Drugs-For-Sex Sentence Reduced
Feb 9, 2007
By: Jason Cato
Pittsburgh Tribune-Review
A federal judge today cut 1.5 years off the sentence of a former Oakmont doctor accused of trading prescription drugs for sex.
Bernard Rottschaefer, 64, of Plum, was sentenced to five years in prison. He was convicted in March 2004 of 153 counts of illegally prescribing controlled substances. U.S. District Judge Gary L. Lancaster originally sentenced Rottschaefer to 6.5 years in prison. The judge issued a new sentence today due to a later U.S. Supreme Court ruling stating the sentencing guidelines are advisory and not mandatory.
Rottschaefer was allowed to remain on bond for more than two years while he appealed his conviction. The Supreme Court declined to hear two appeals. A third attempt for a new trial is still pending.

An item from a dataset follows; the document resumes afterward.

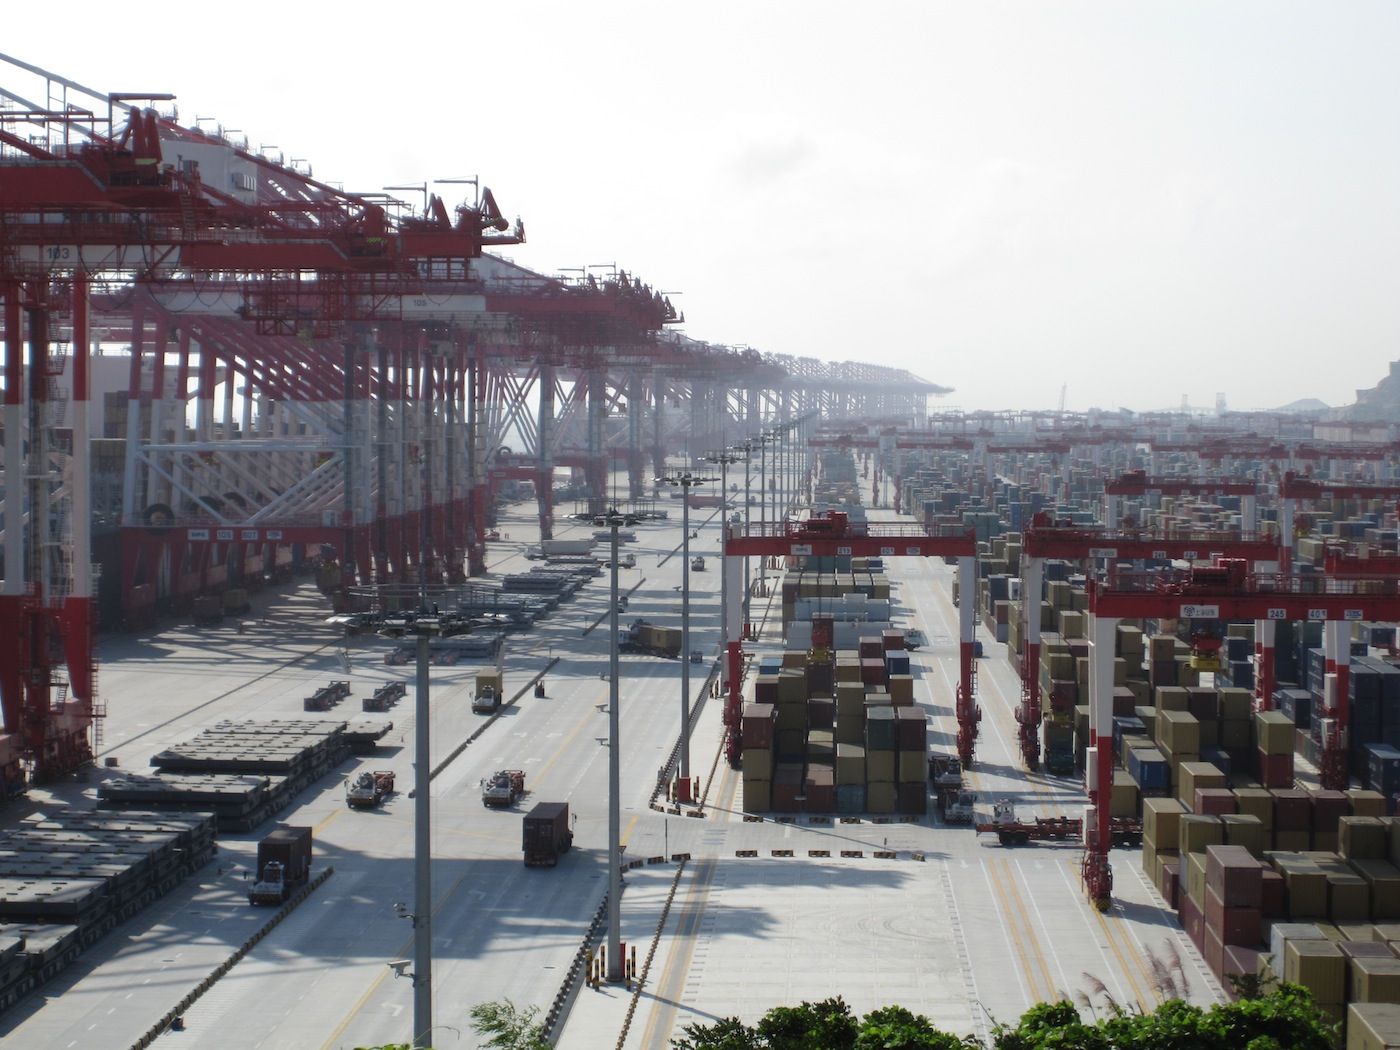 Terminal de contenedores de Yangshan, puerto de Shanghai

At his trial in 2004, five female patients testified they were drug addicts who were prescribed painkillers for no medical reason. Four of the women testified that Rottschaefer wrote the prescriptions after they performed oral sex.
Rottschaefer has adamantly denied ever trading prescriptions for sex. Part of his appeals was based on post-trial evidence his lawyers said proved at least two of the witnesses lied on the stand.
More than a year after the trial, Rottschaefer’s lawyers were given 183 love letters written by one of the prosecution’s star witnesses to her then-boyfriend, who was in jail. In the letters, the witness repeatedly wrote that she never had sex with Rottschaefer and was only lying in order to curry favor with prosecutors in hopes of getting reduced or no jail time for drug charges.